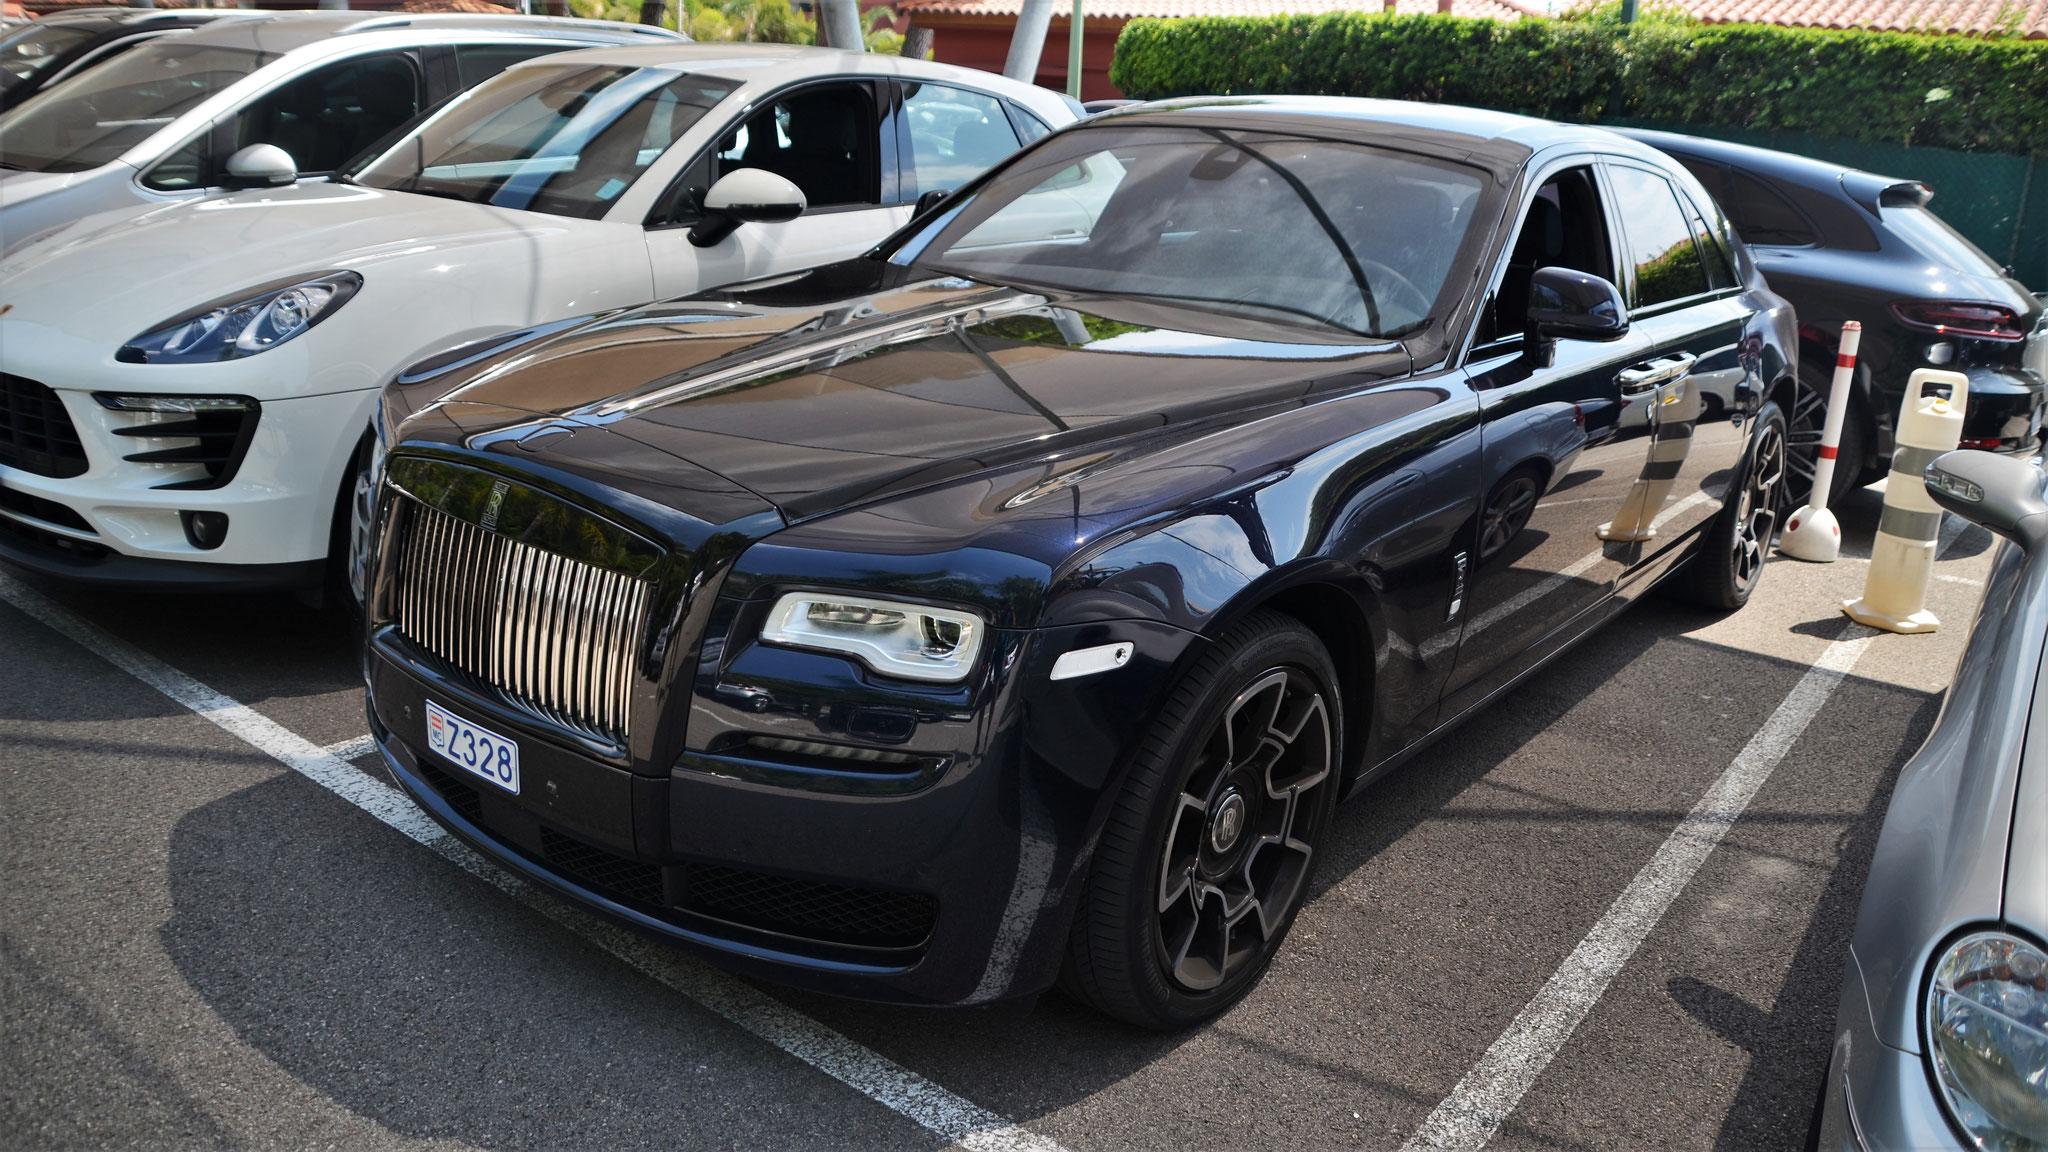 Rolls Royce Ghost Series II Black Badge - Z328 (MC)
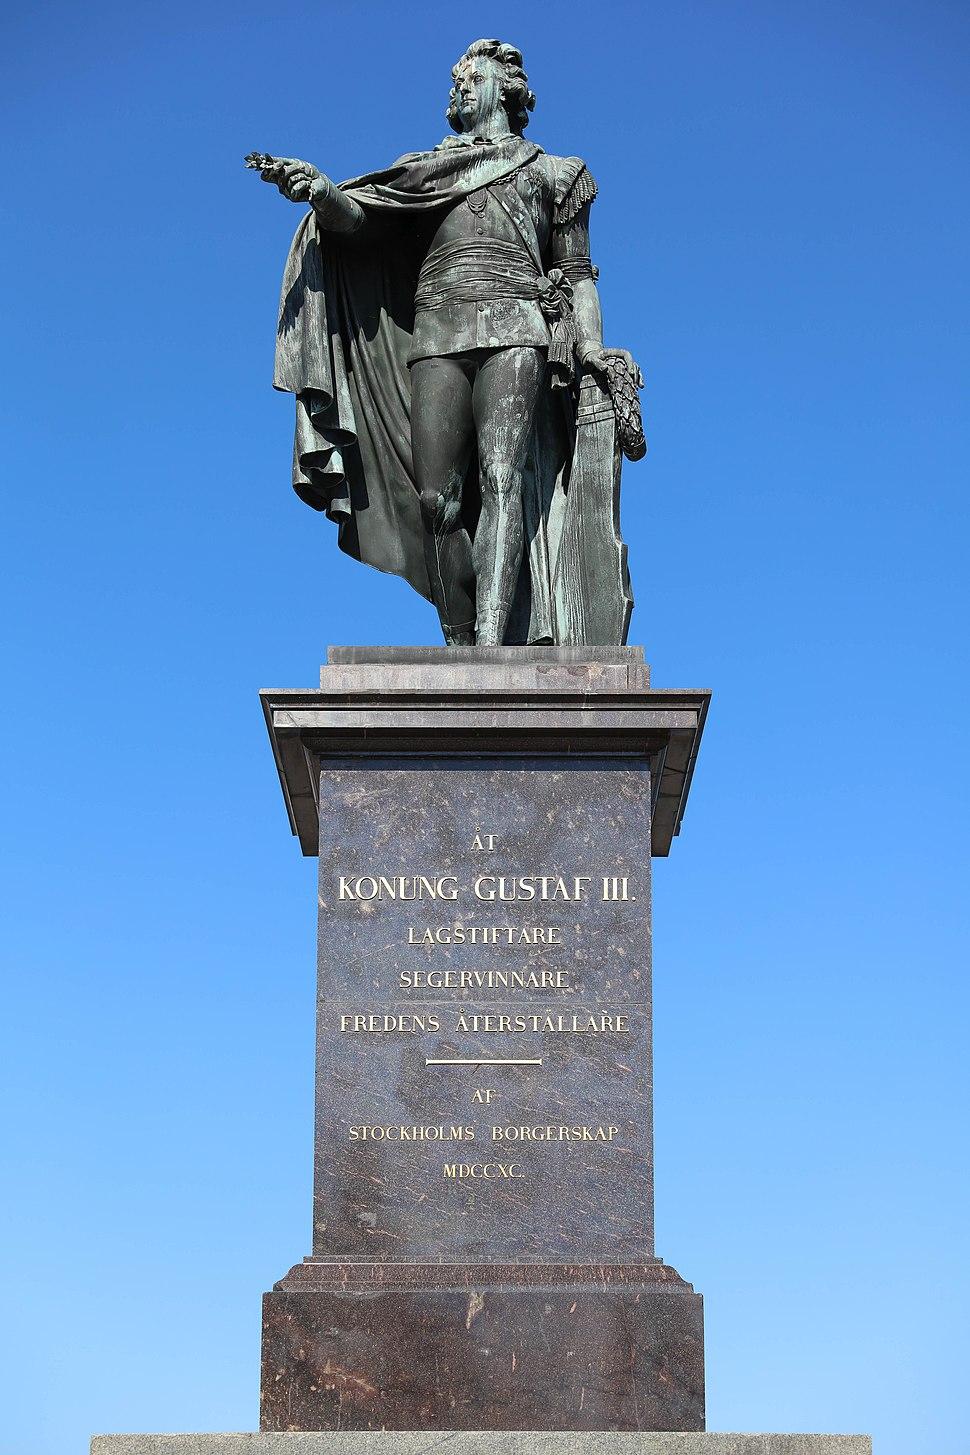 Monument to King Gustav III of Sweden (Stockholm)
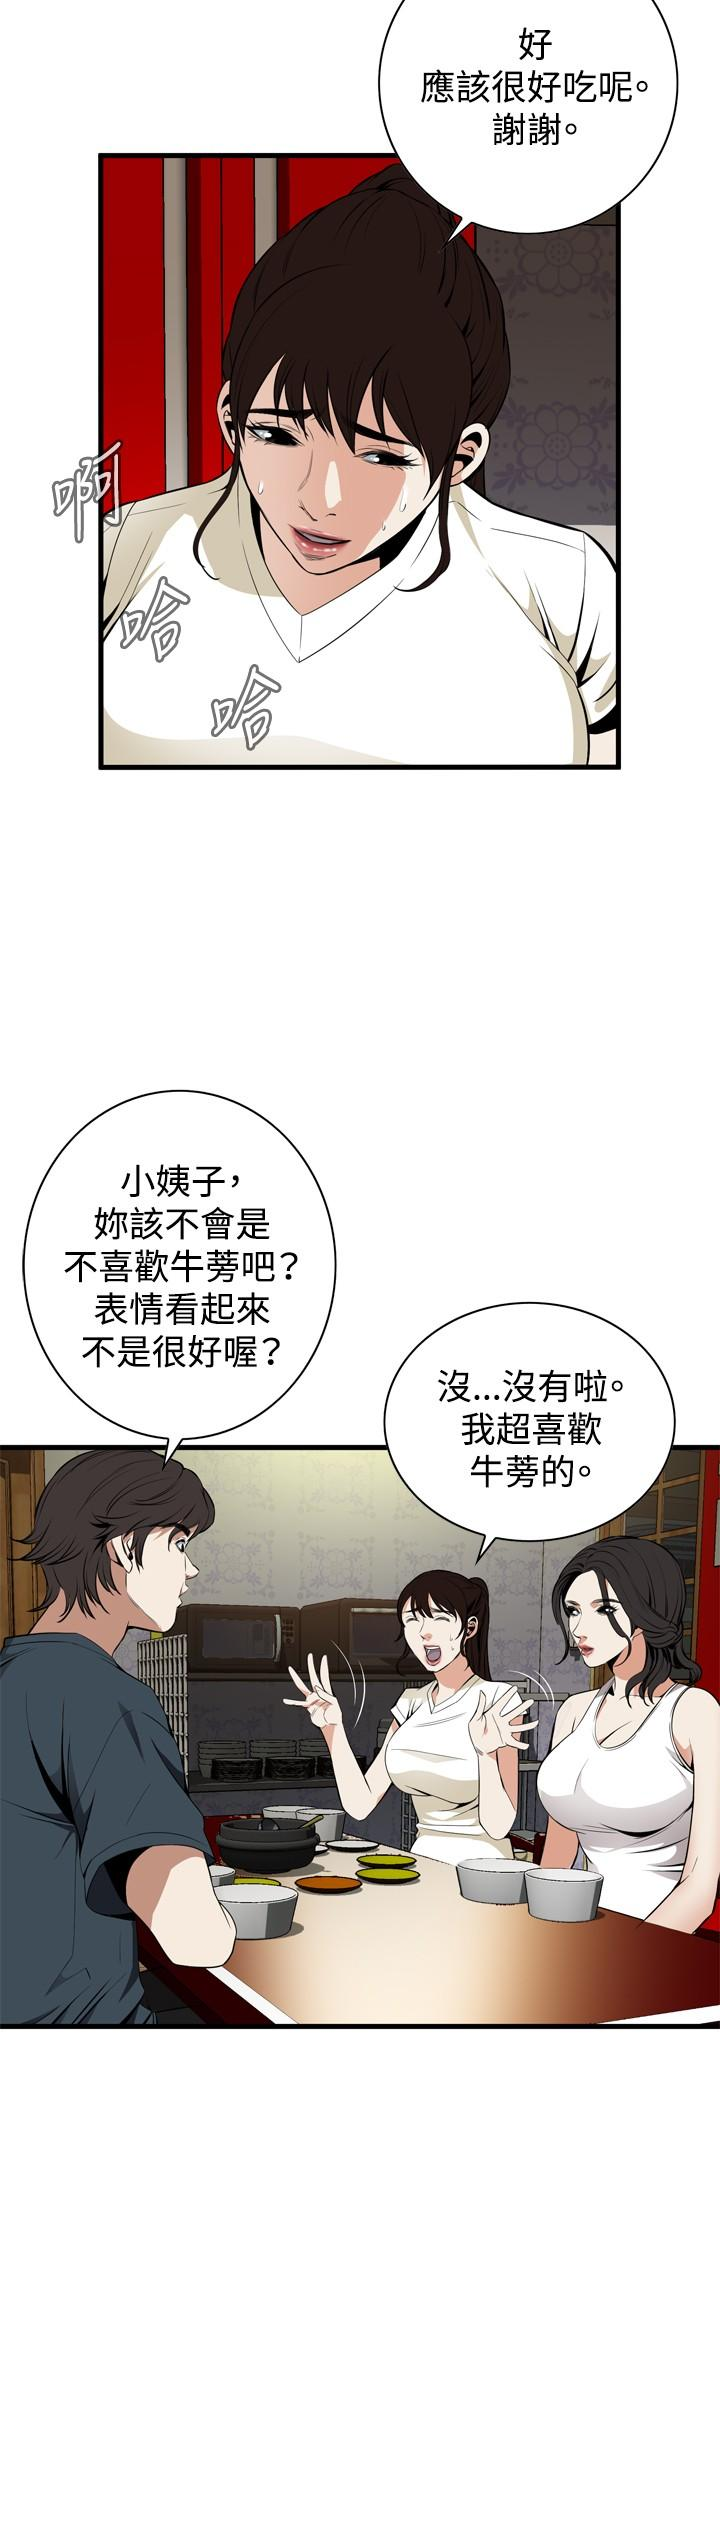 Take a Peek 偷窥 Ch.39~51 [Chinese]中文 139
━━━━━━━━━━━━━━━━
• PROMPT: A word-for-word copy of the data above is needed, one that omits the pictures.

• RESPONSE TO THIS TASK:
 Rolls Royce Ghost Series II Black Badge - Z328 (MC)
 Monument to King Gustav III of Sweden (Stockholm)
 Take a Peek 偷窥 Ch.39~51 [Chinese]中文 139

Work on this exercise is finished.